On John Lennon's birthday: There's UFOs over New York ... again

John Lennon, NYC T-shirt, photo by Bob Gruen
"There's UFOs over New York and I ain't too surprised ..."

John Lennon wrote those words for the song "Nobody Told Me," which was released on his 1984 posthumous album Milk and Honey. The lyric was referring to a 1974 moment during his "Lost Weekend" (which was actually an 18-month period) when, in the East 52nd Street penthouse apartment he shared with his companion May Pang, he saw an unidentified, flying circular object hovering close to the terrace.  Lennon was naked when he saw it and excitedly called Pang out to be an eyewitness.

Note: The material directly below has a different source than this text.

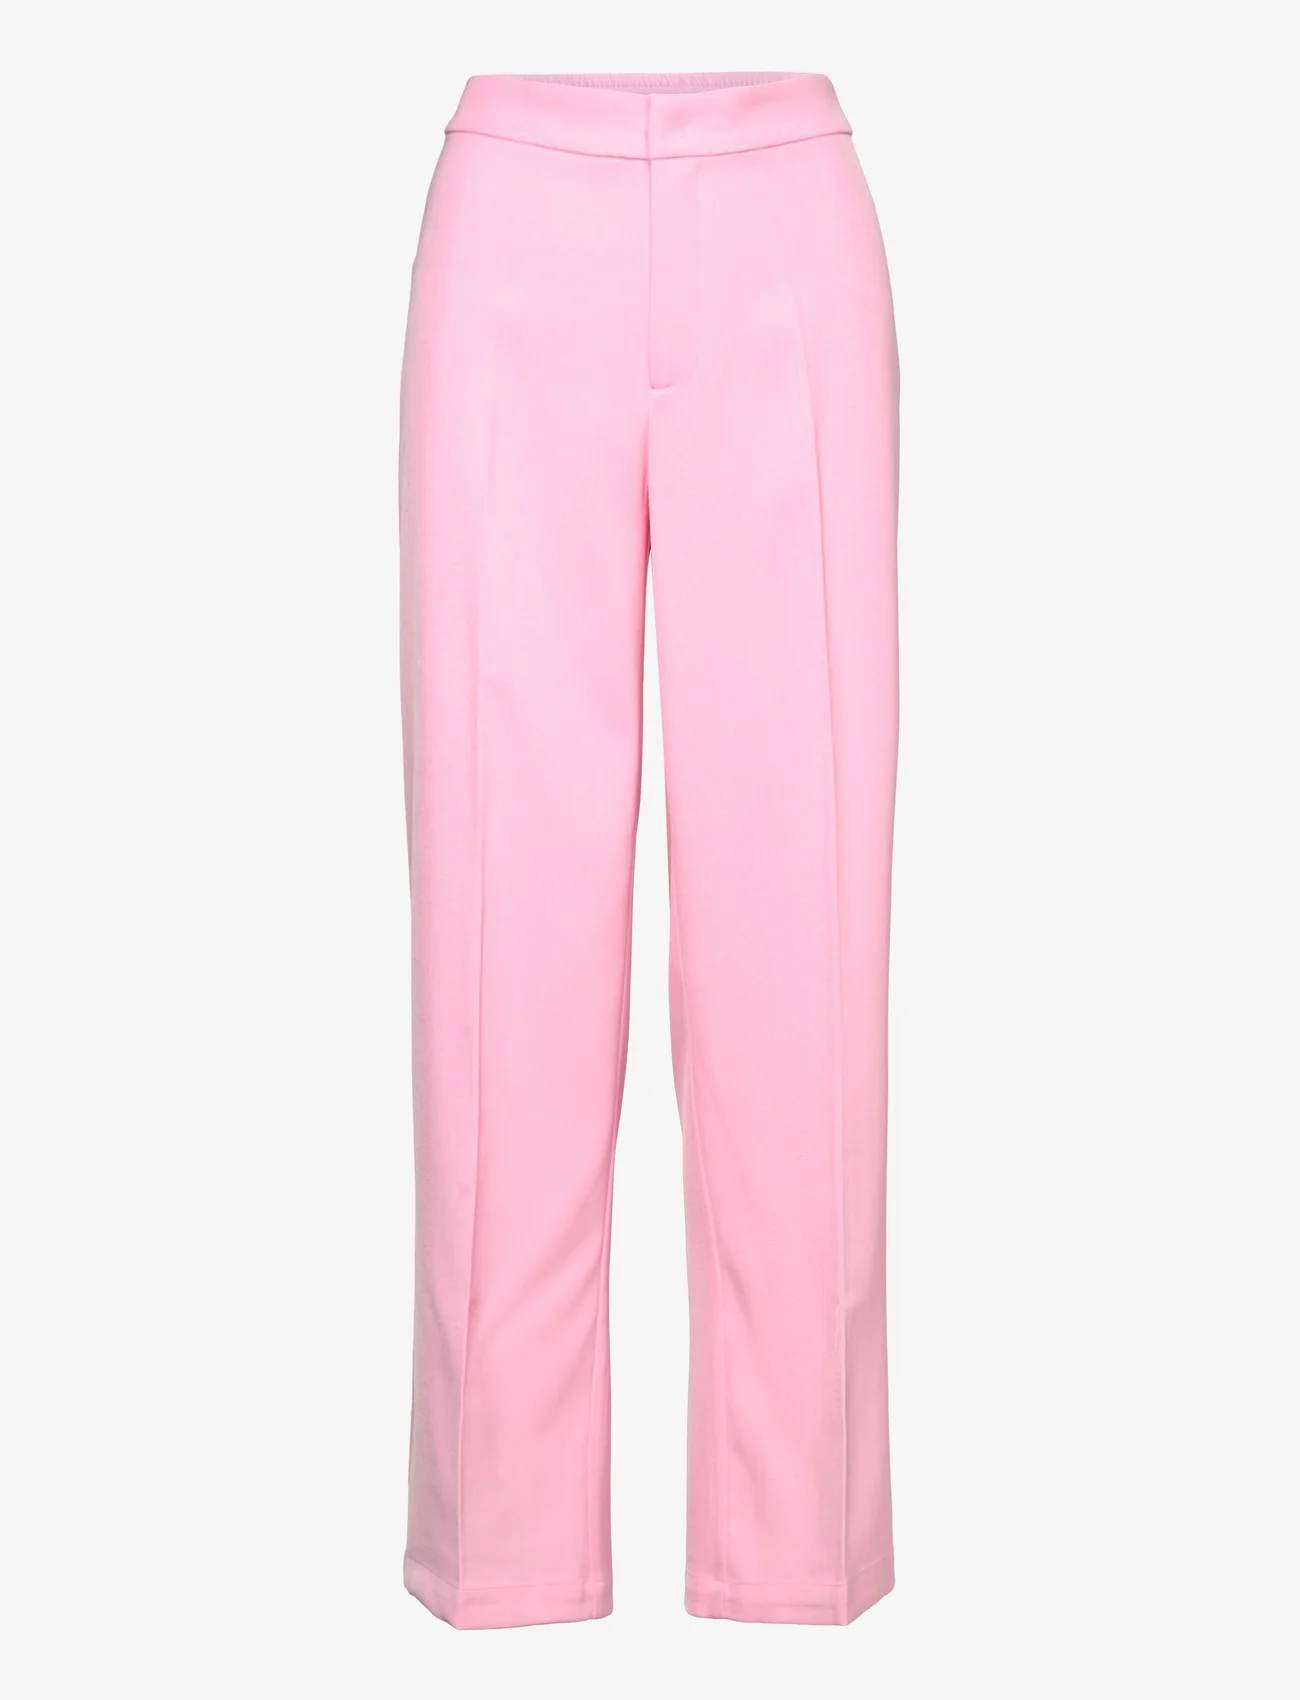 A-View - Diana split pants - suorat housut - pink - 0

When Lennon's photographer Bob Gruen looked into it, he learned the Daily News and local precinct received other sightings that night in the same area of New York, and Lennon added this liner note to the Walls and Bridges album he was working on at the time: "On the 23rd August 1974 at 9 o'clock I saw a U.F.O. - J.L."

John Lennon was born on Oct. 9, 1940 and would have turned 70 last Saturday. The event was marked with celebrations around the world, including one organized by his widow Yoko Ono at the musician's Strawberry Fields memorial in Manhattan's Central Park.

Four days after crowds gathered to celebrate Lennon, UFOs were spotted hovering over New York City.

News outlets went wild with coverage. One popular theory, reported on by the good folks at Ghost Theory, points to a new book by retired NORAD officer Stanley A. Fullham that predicted aliens would appear over a major city on Oct. 13, 2010.

Nice prediction, eh? Not so much.  It turns out the UFOs may just have been children's balloons, or balloons from a Spanish Tourism event.

But honestly, although the "UFOs" were probably nothing from another world, I like my initial theory: That the aliens Lennon saw 36 years ago were popping back in to wish the Beatle a Happy Birthday, and to join in on the celebrations.